Early 2016. In a run in early 2016, a review of wgeterr.log revealed that wget spent eight hours spinning its wheels in an attempt to back up a single blog post. The wget batch file (above) did finish, more than 13 hours after starting. The situation with that single blog post was that, for some reason, wget kept going into deeper and deeper subdirectories, each of which seemed to contain more or less the same material as its parent. The process ended at a point nearly 30 subfolders deep. The post itself was only about 300K, but in my wget backup, the entire subdirectory tree pertaining to that single post contained nearly 1,600 files comprising more than 400MB. This process was not prevented by wgetrc because I had set the recursion level to infinite.

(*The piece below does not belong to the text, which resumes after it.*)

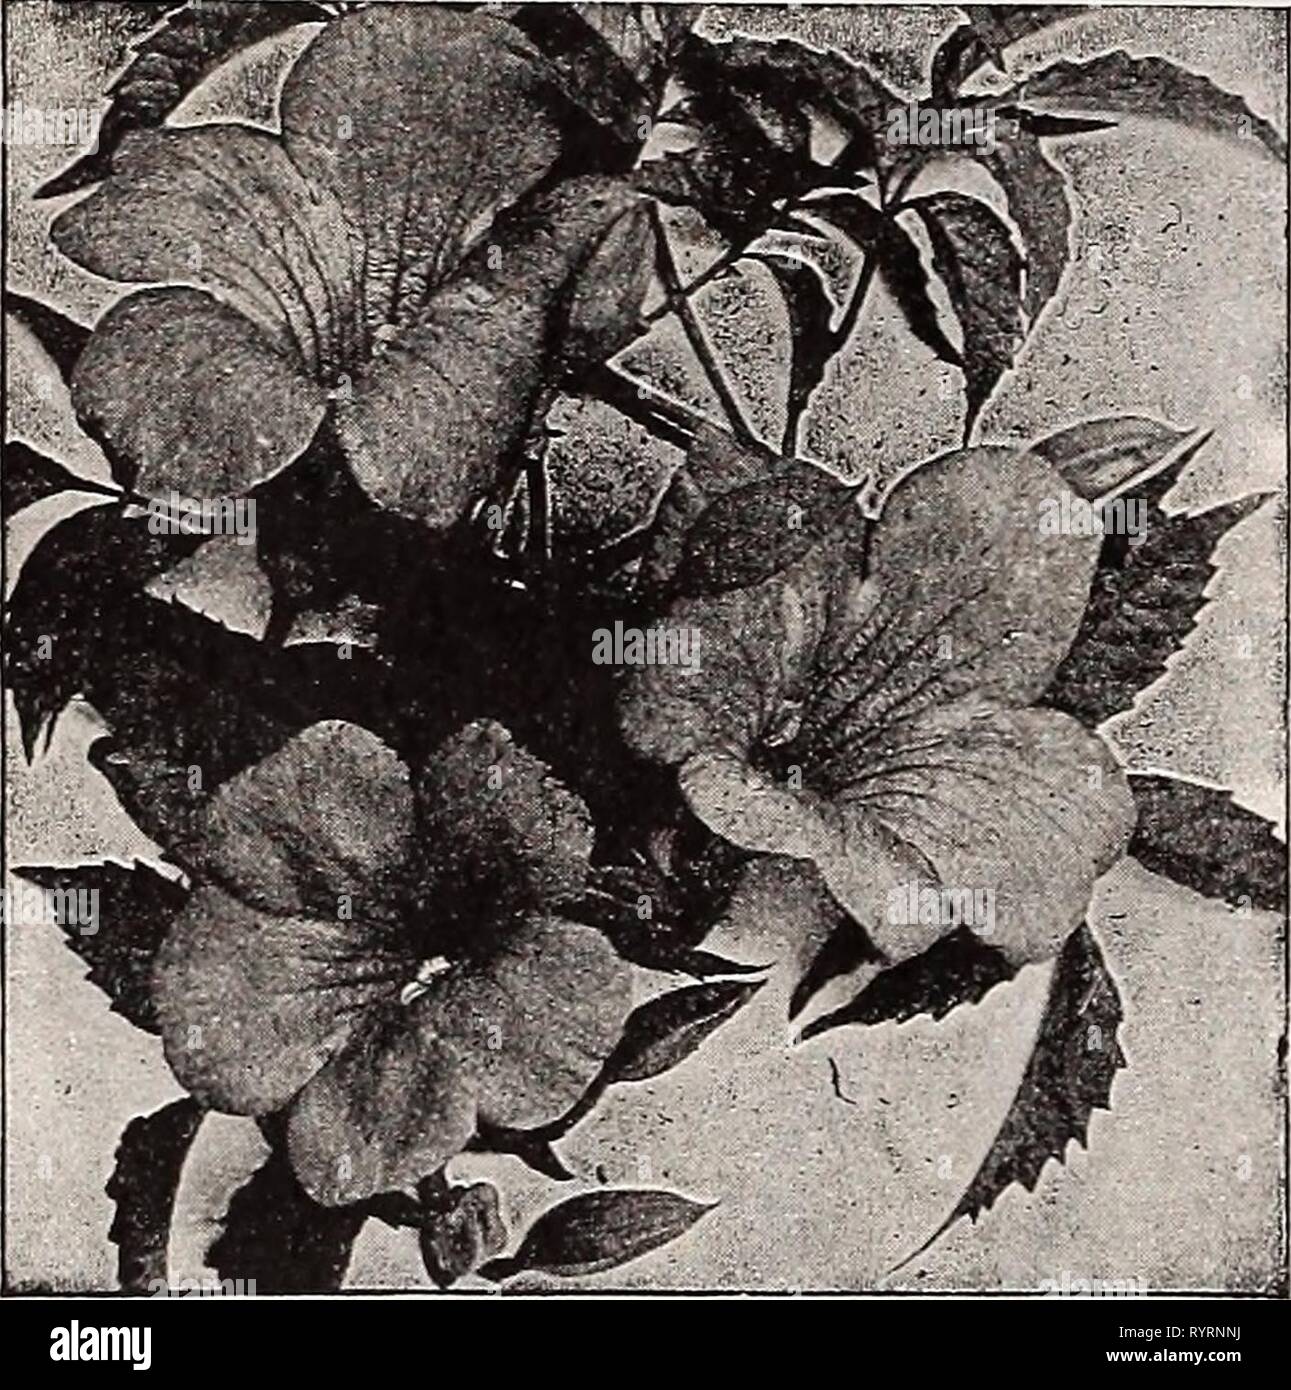 Dreer's wholesale catalog for florists Dreer's wholesale catalog for florists : autumn 1938 edition . dreerswholesalec1938henr Year: 1938  HENRY A. DREER Dreer's Select WHOLESALE CATAL ^ Hardy Vines and Climbers Actinidia—Silver Vine Argrata. Strong two-year-old plants, $4.00 per doz.; $30.00 per 100. Akebia quinata—Akebia Vine strong two-year-old plants, $2.75 per doz.; $18.00 per 100. Ampelopsis Lowi The miniature-leaved form of Ampelopsis Veitchi. 3-inch pots, $4.00 per doz.; $30.00 per 100. Ampelopsis quinquefolia Virginia Creeper, American Ivy strong two-year-old plants, $2.75 per doz.; $ Stock Photo

To prevent that problem, I tried to figure out how many subdirectory levels would be normal. I used DIR and Excel to count the number of levels throughout the entire wget backup. I sorted the Excel list to exclude the posts that had somehow generated very deep levels of subfolders. There were not many of these. It appeared that my backup was complete if it went down to the level of the first subfolder named “amp.” That was the level at which I found an index.html file containing the complete blog post. That level was five levels below the level of the blog name (e.g., blogname.wordpress.com). Five also happened to be wget’s default maximum recursion level. In my Excel spreadsheet, I looked at a number of folders that were six levels deep. It appeared that, at that level, all were backing up the amp subfolder. Since the index.html file at that level already appeared to contain what I wanted to back up, it appeared the sixth level was superfluous. Therefore, I set reclevel = 5 in wgetrc. I set aside the previous backup and ran wget again. This time, the entire backup finished in just two hours. Instead of 3,039 files comprising 452MB, I had 1,826 files filling 111MB. I was concerned that comments on a post might be stored in a deeper sublevel. But a look at some posts with comments seemed to indicate that the post and the comments were all captured in one index.html file and appeared just as they would appear online.